Иногда Эстер чувствовала, что Джонни принадлежит ей. Но чаще понимала, что он часть какого-то масштабного замысла, которому суждено случиться, даже если ее не станет. Она воспринимала их пару как пару котов – свободолюбивых, одиноких, но все же всегда возвращающихся в родные места. Сейчас им было уютно и тепло в объятиях друг друга. Они обрели себя. Можно сказать, что они полюбили друг в друге самих себя. Это было и высшей мерой эгоизма, и, наверное, высшей мерой любви. Ведь только себя творческий человек может любить настоящей любовью, как не может любить никого другого.
– Взять моего мужа, например, – продолжила Эстер, – он не говорит о чувствах, он холоден и скуп на слова, но ему можно верить.

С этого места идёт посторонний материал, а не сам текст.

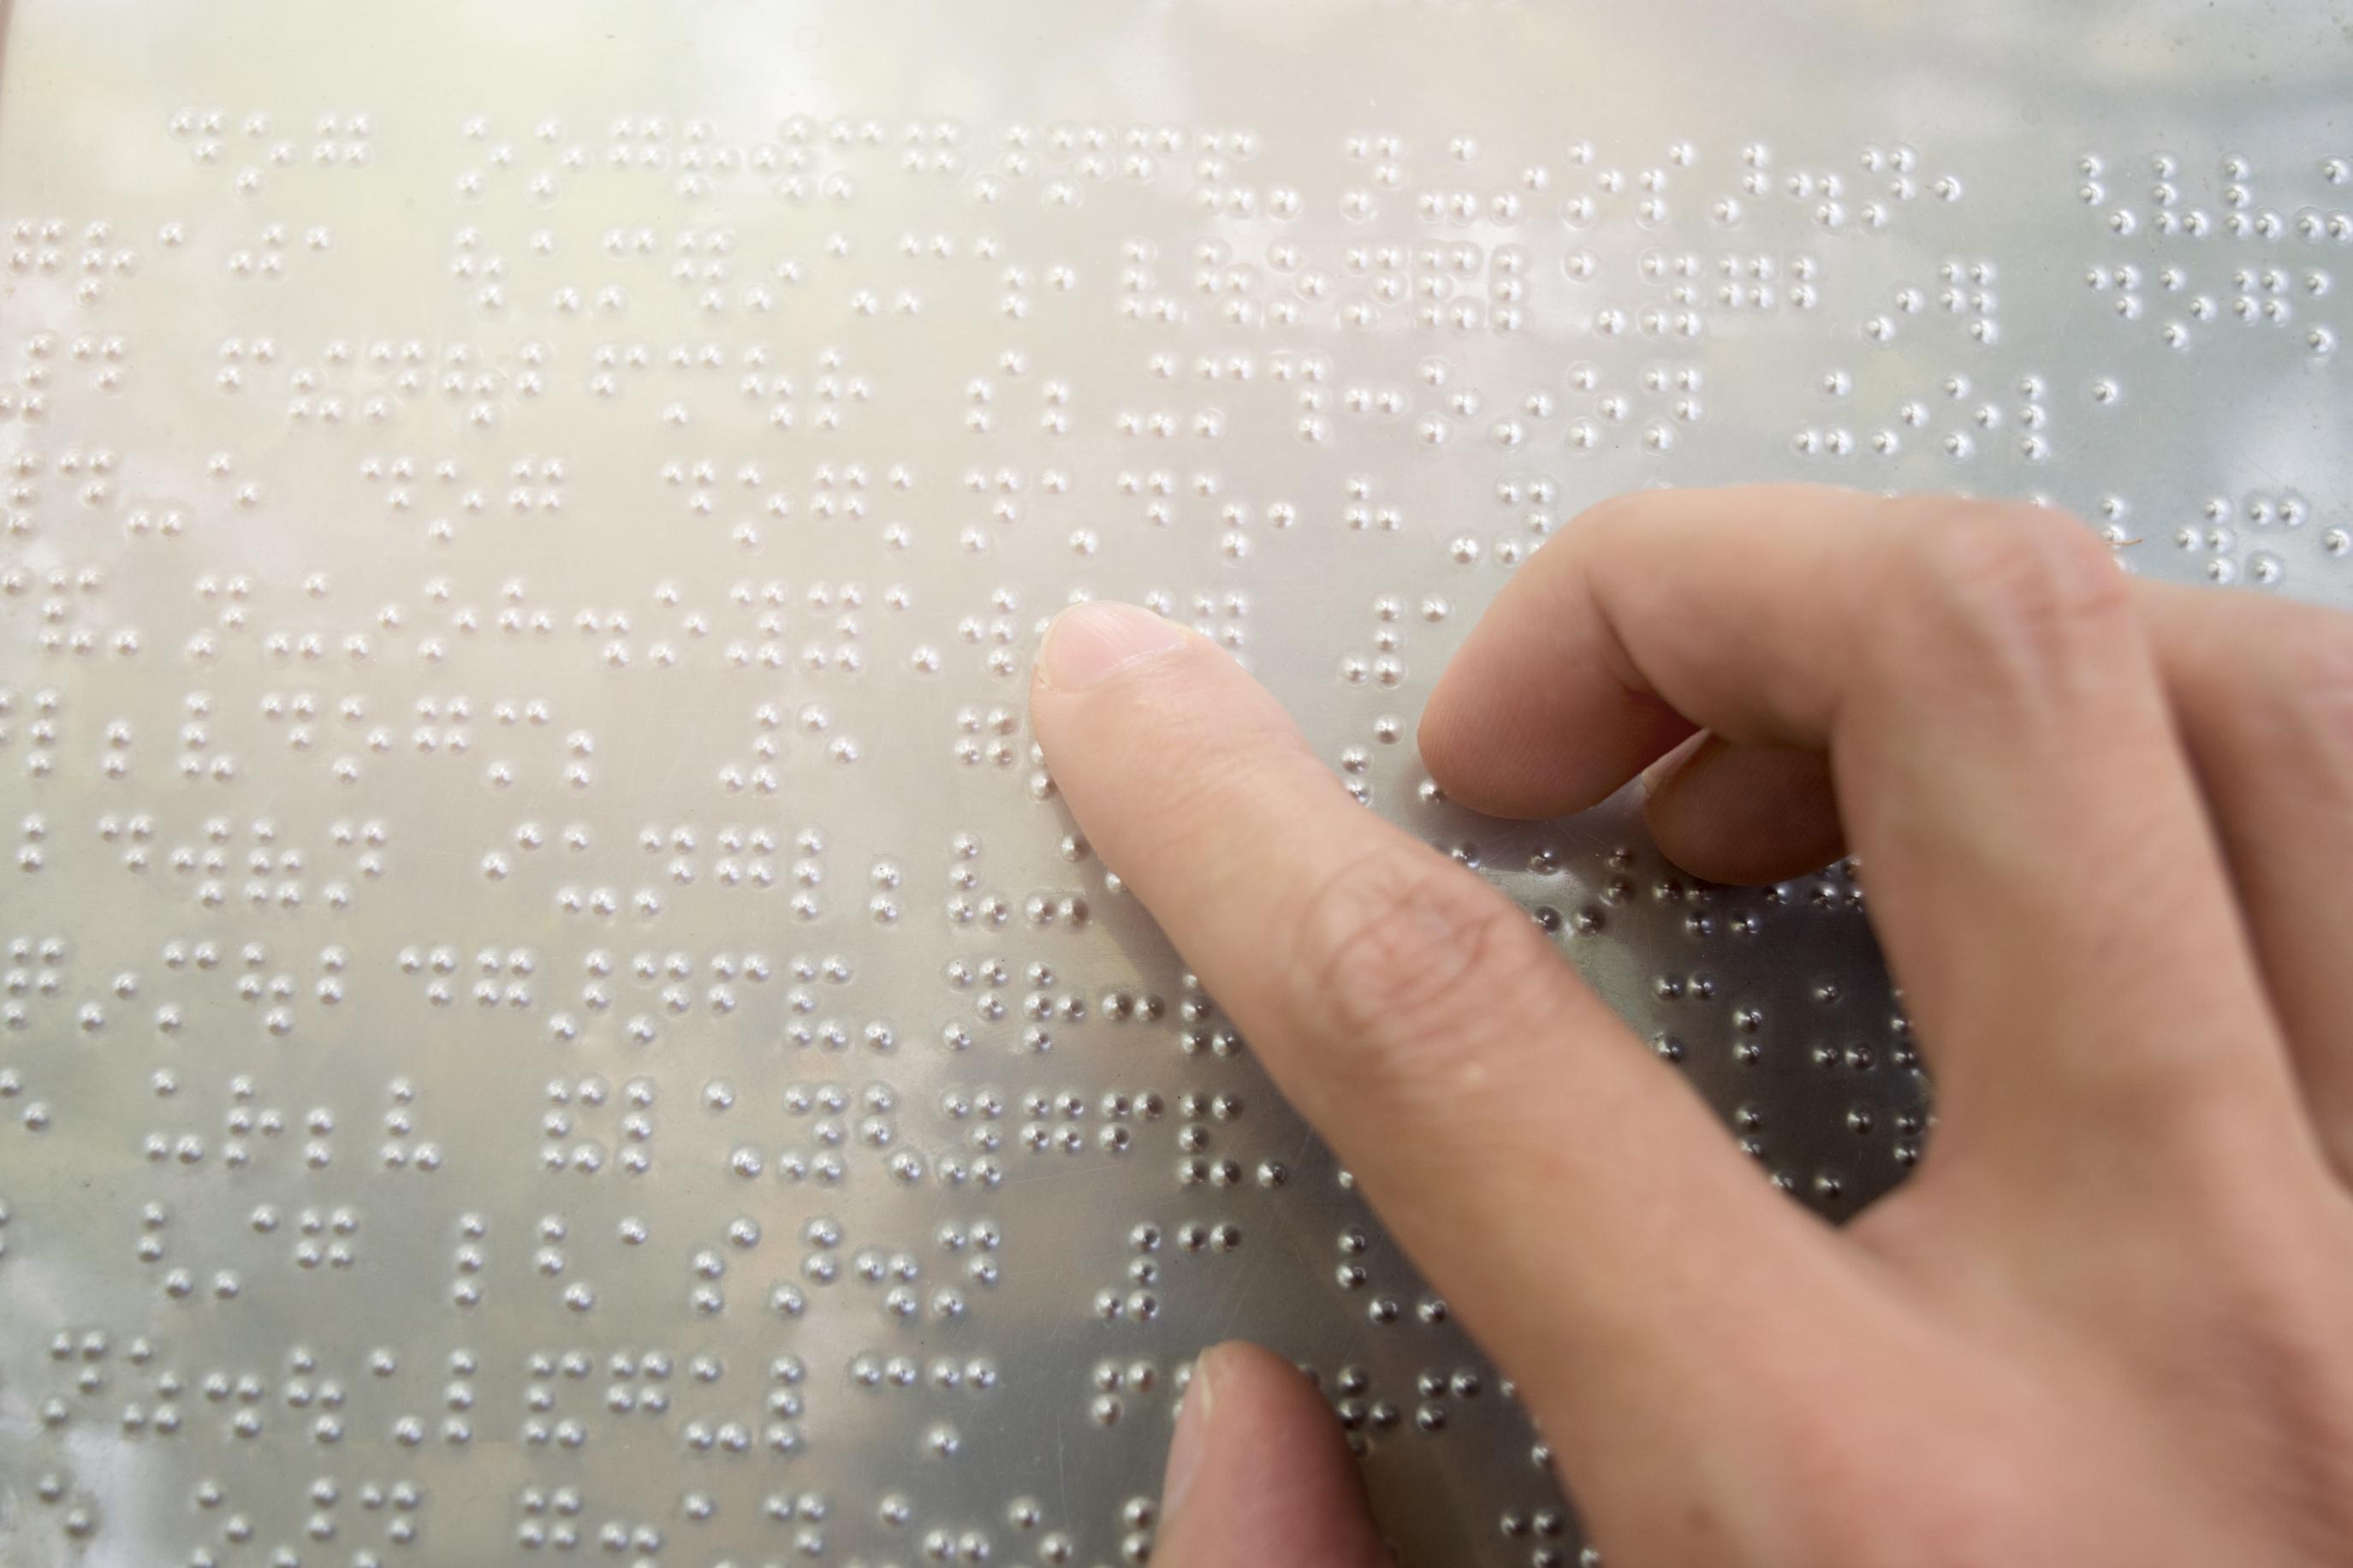 braille hero image

Джонни устало закатил глаза. В последнее время он все чаще и чаще выходил из себя.
– То есть тебе не нравится, как я выражаю эмоции?
– Нет, все отлично. Только словам я давно не верю.
– Откуда ты все, мать его, знаешь? Просто ответь? Тебе надо играть в рулетку, если ты можешь предвидеть будущее.
– Почему ты постоянно орешь на меня? – повысила голос Эстер.
– Потому что ты умудряешься испортить каждое наше спокойное утро!
– Я?
– Просто заткнись и доедай свою булку. Мы поедем на пляж. Я не хочу выяснять с тобой отношения. Я хочу отодрать тебя здесь и сейчас, но я не делаю этого, потому что в состоянии себя контролировать. Поэтому и ты воздержись, пожалуйста, от своих едких комментариев.
Эстер рассмеялась и снисходительно погладила Джонни по ноге.
– Туалет. Мы можем пойти в туалет.
– Мы можем, а главное, мы пойдем. Но сначала допей свой кофе.
Спокойные дни омрачали ссоры по пустякам, а неспокойные – грандиозные скандалы с истериками, придыханиями и заламыванием рук.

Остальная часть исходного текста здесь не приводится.